=== Recorded information ===

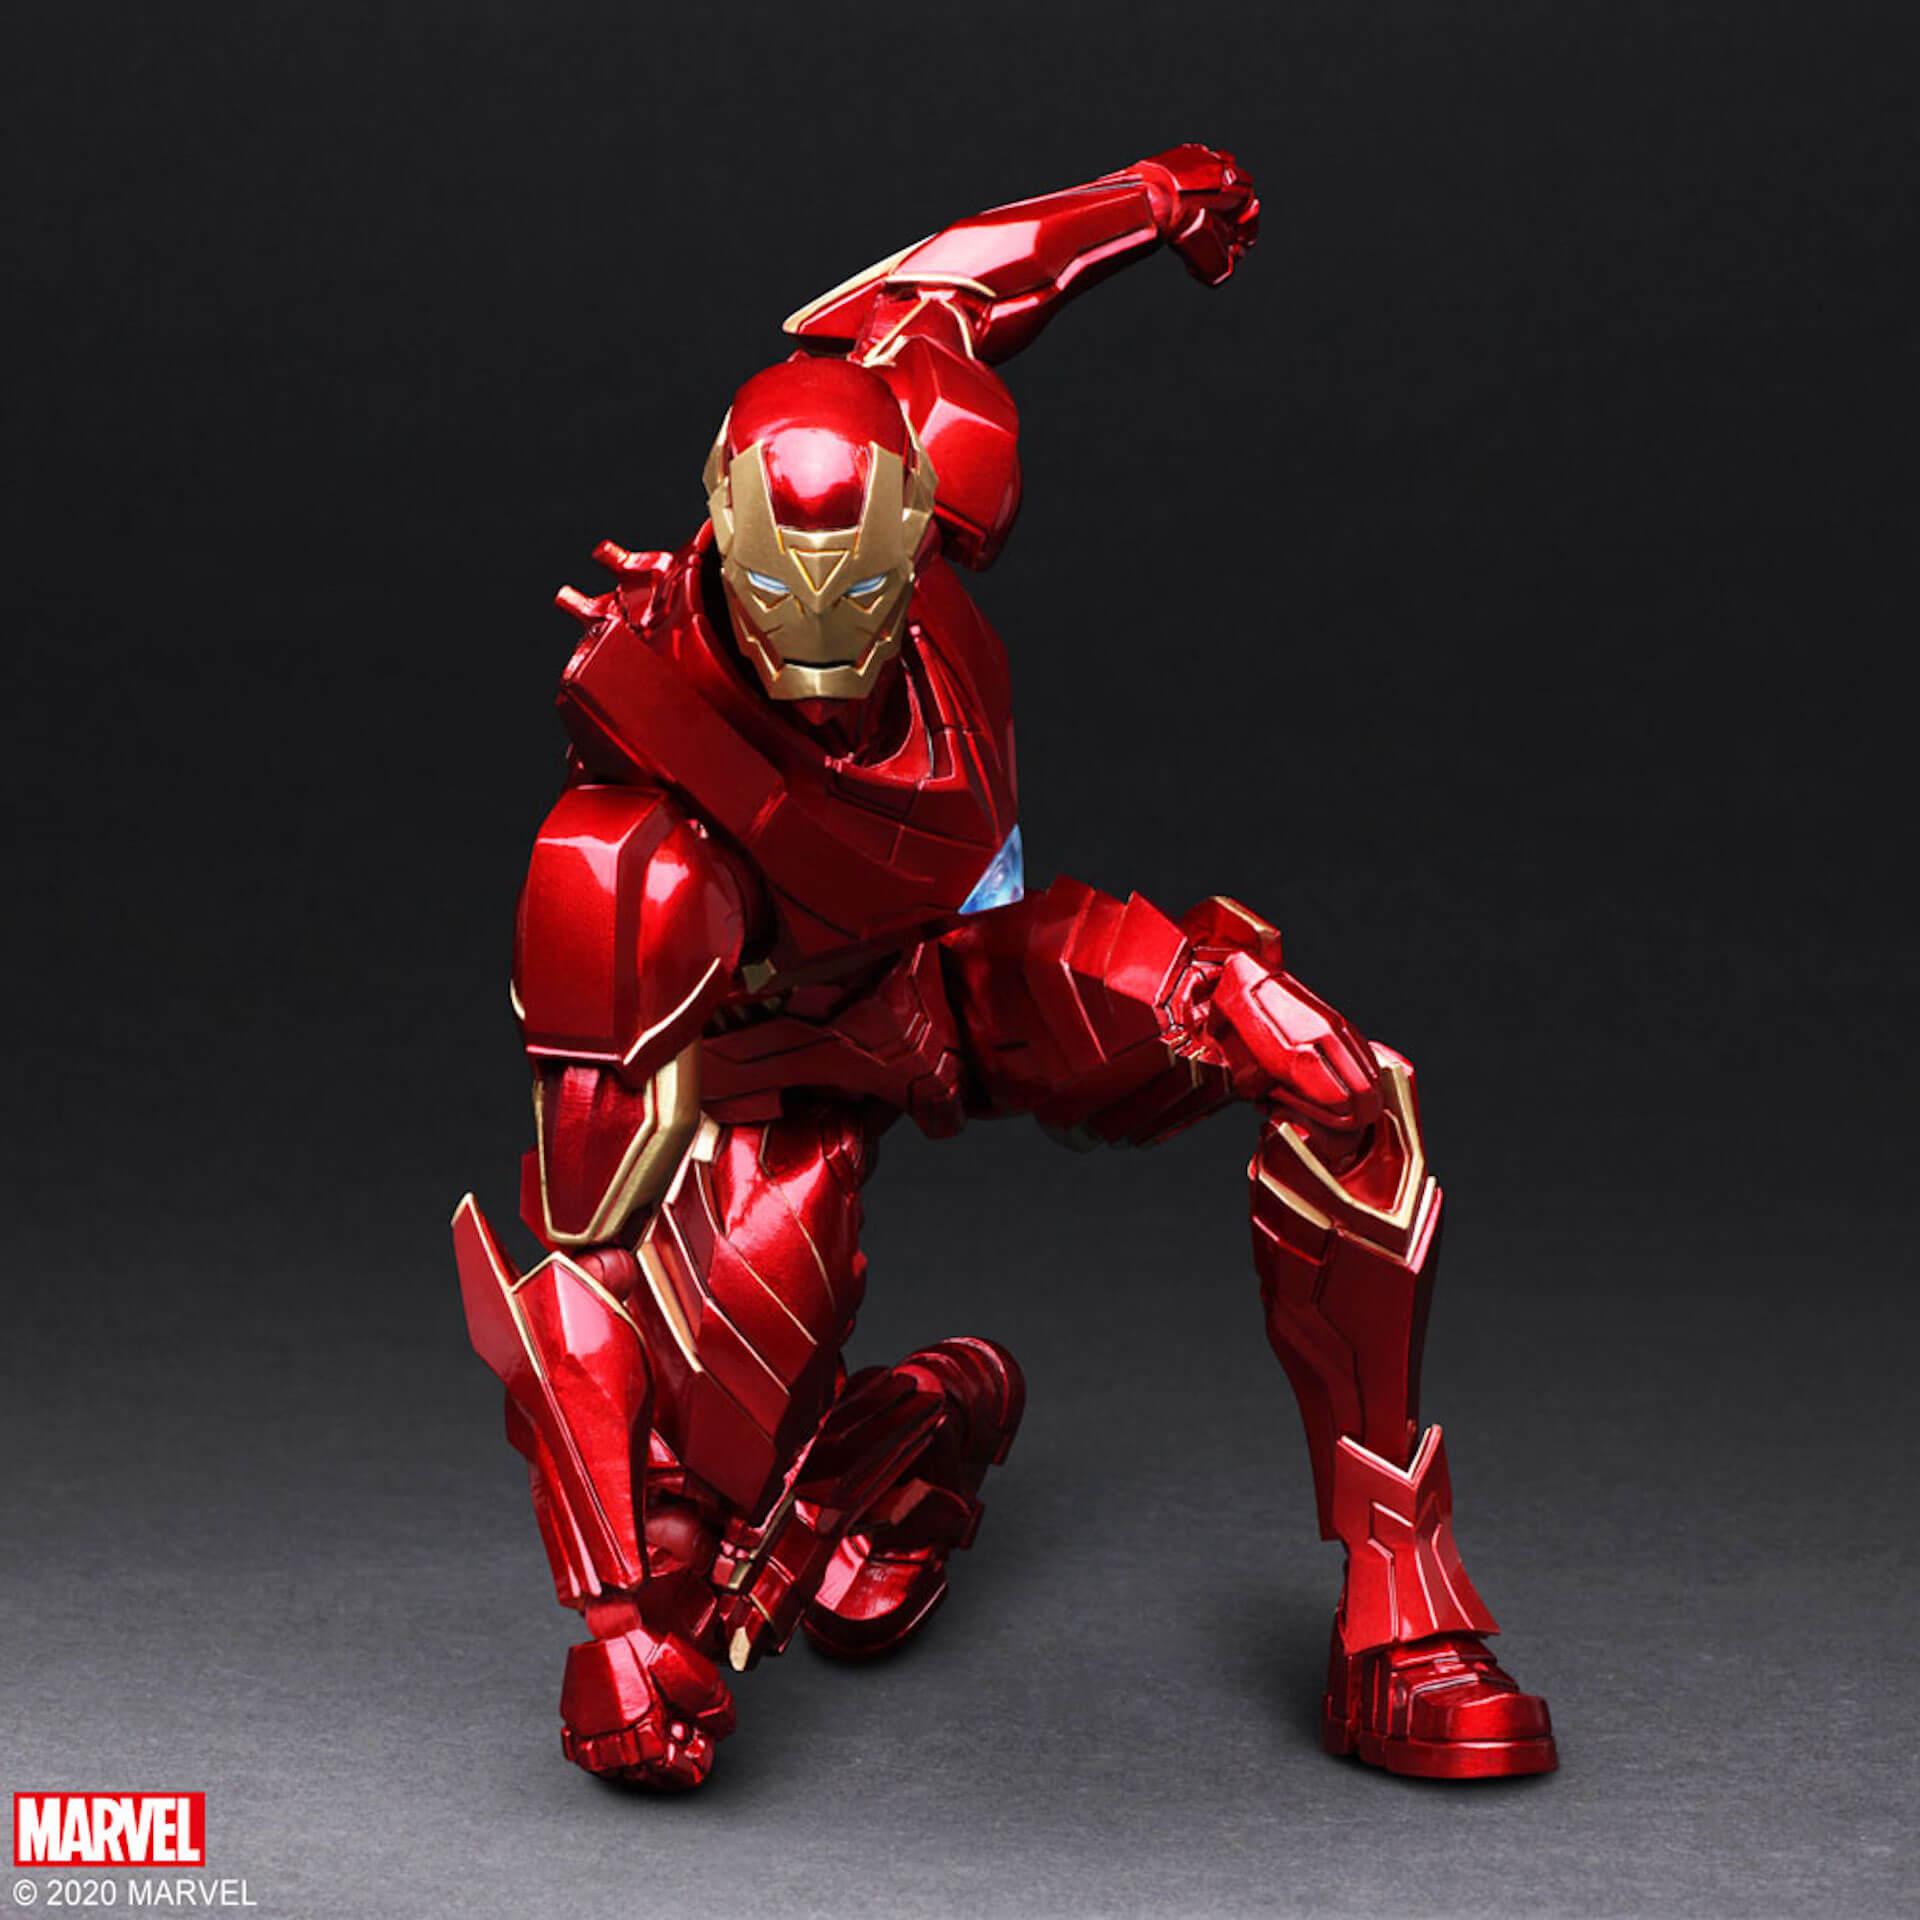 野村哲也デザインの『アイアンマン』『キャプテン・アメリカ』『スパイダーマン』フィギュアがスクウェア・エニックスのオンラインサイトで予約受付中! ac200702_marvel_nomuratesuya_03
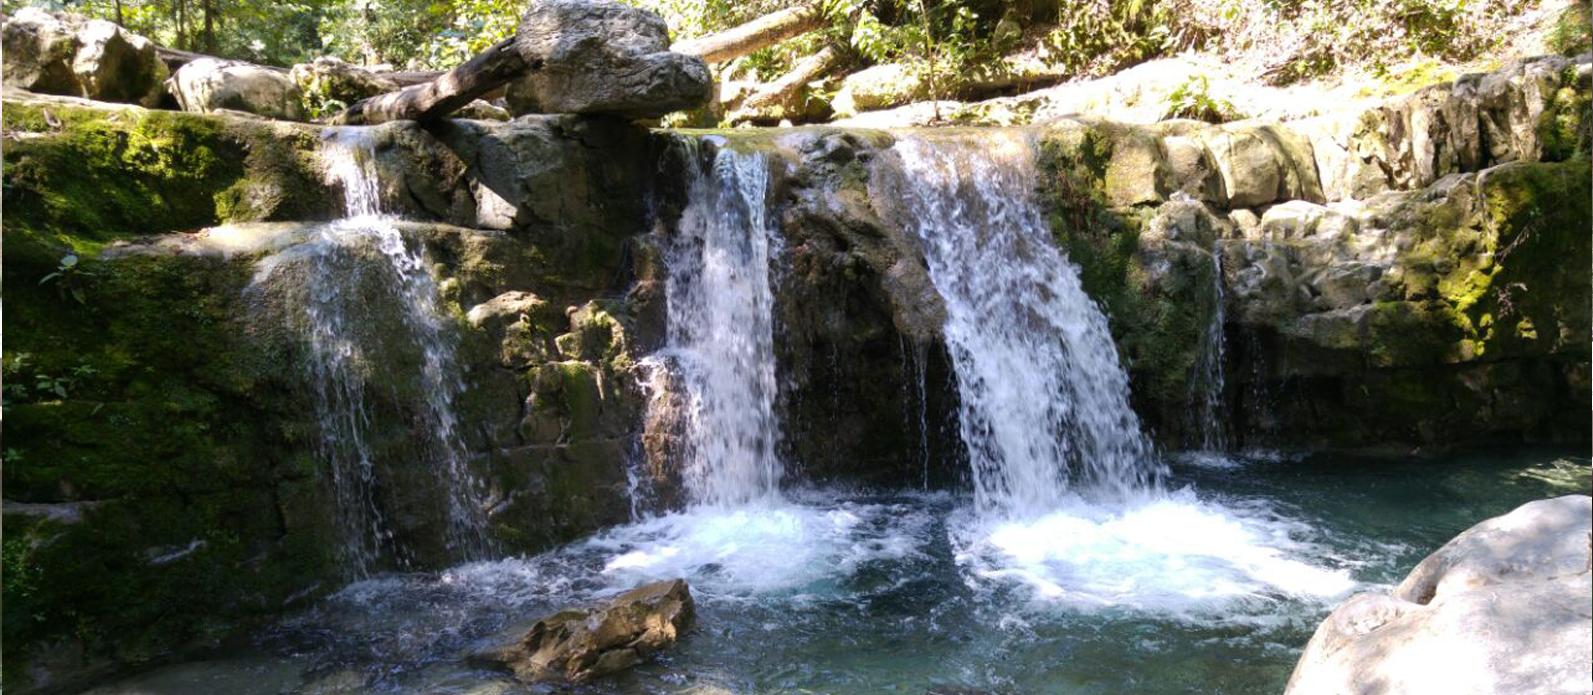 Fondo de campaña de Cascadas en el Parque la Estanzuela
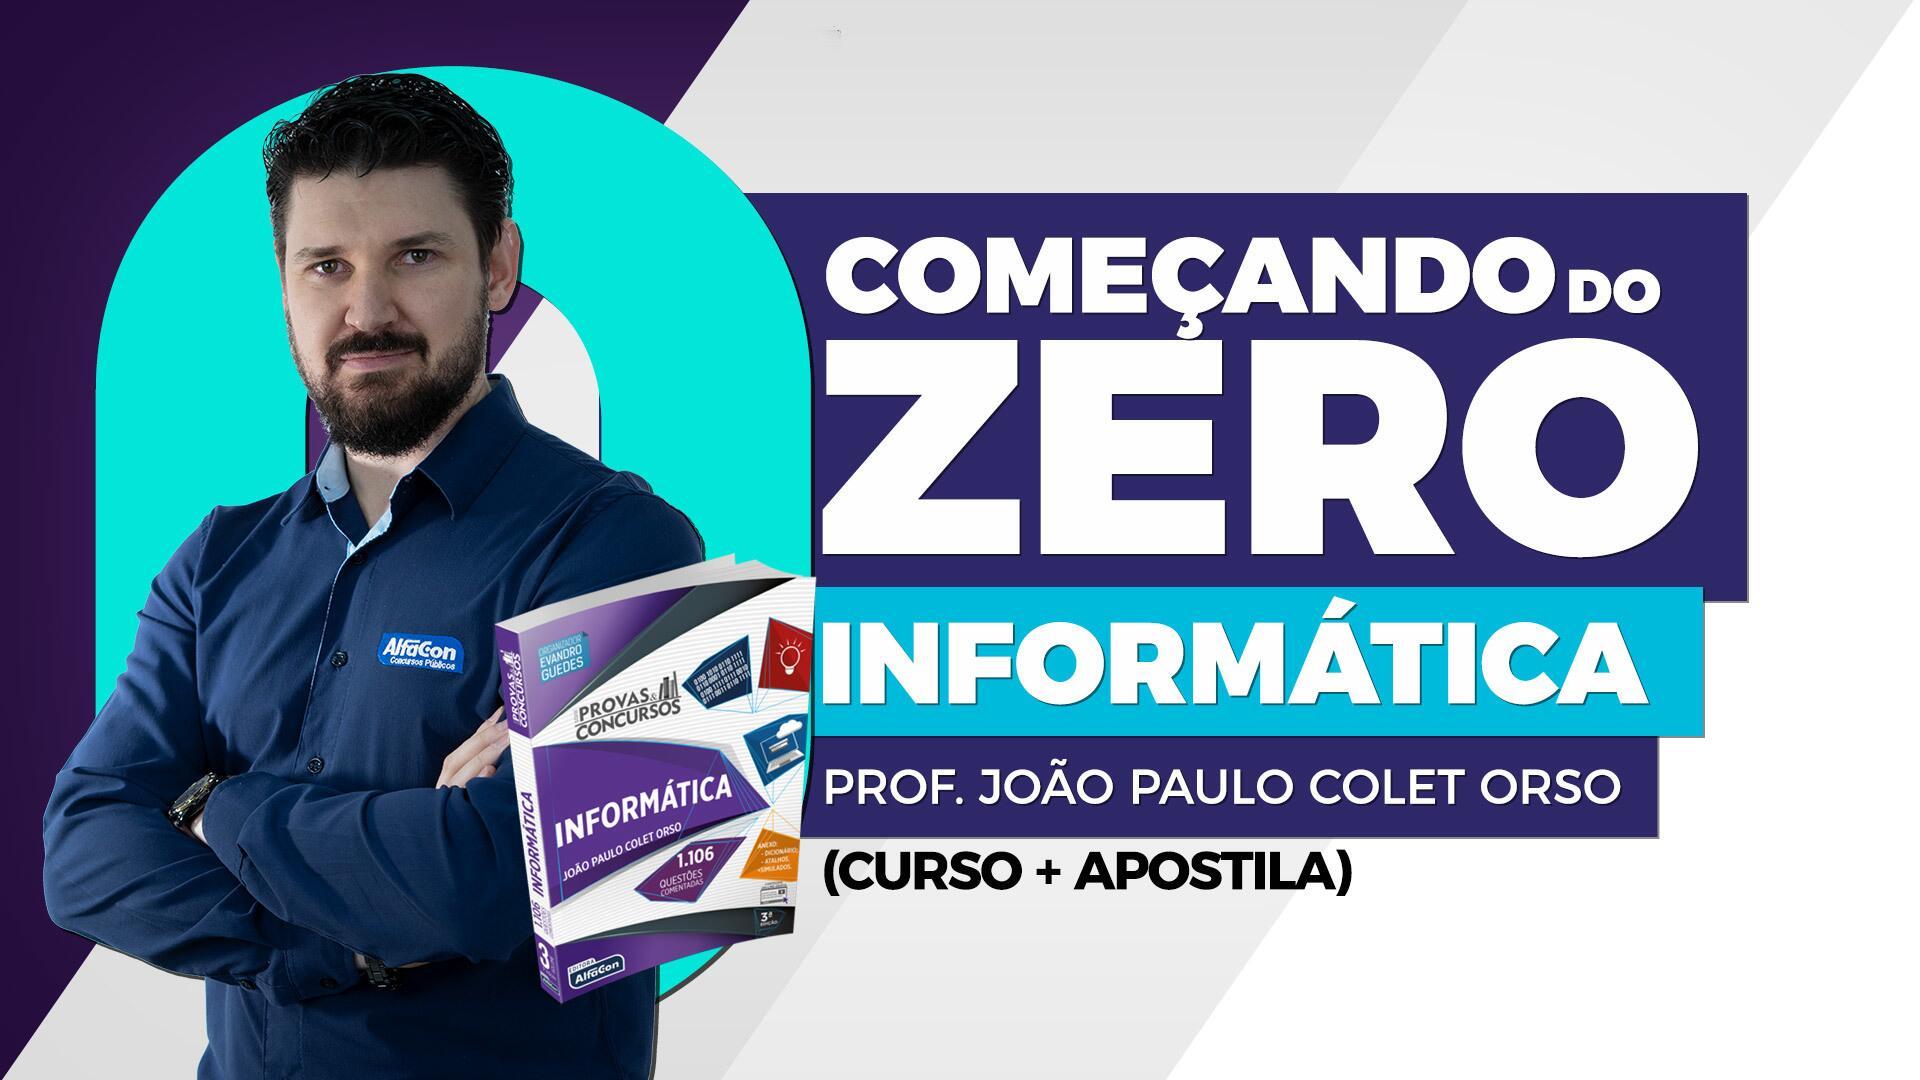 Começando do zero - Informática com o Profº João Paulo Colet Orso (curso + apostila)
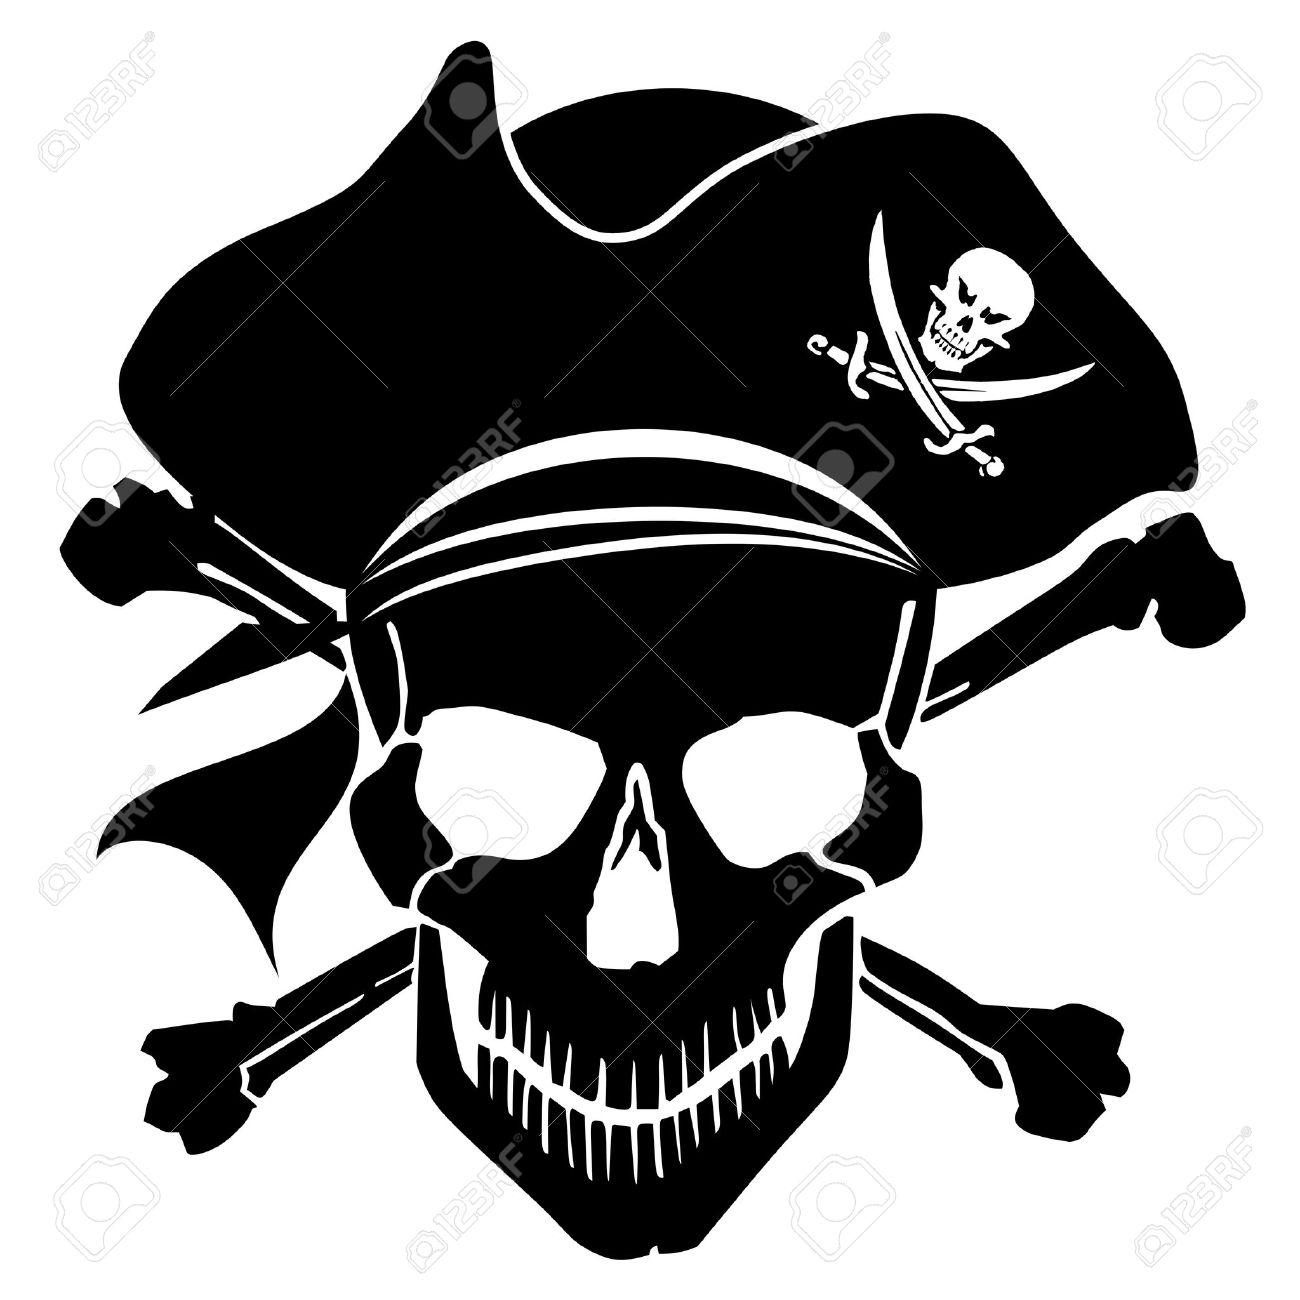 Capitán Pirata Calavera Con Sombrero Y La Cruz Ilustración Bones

===

### Exercise description
Print the listing exactly, minus any pictures.

### Solution to the problem
 野村哲也デザインの『アイアンマン』『キャプテン・アメリカ』『スパイダーマン』フィギュアがスクウェア・エニックスのオンラインサイトで予約受付中! ac200702_marvel_nomuratesuya_03
 Fondo de campaña de Cascadas en el Parque la Estanzuela
 Começando do zero - Informática com o Profº João Paulo Colet Orso (curso + apostila)
 Capitán Pirata Calavera Con Sombrero Y La Cruz Ilustración Bones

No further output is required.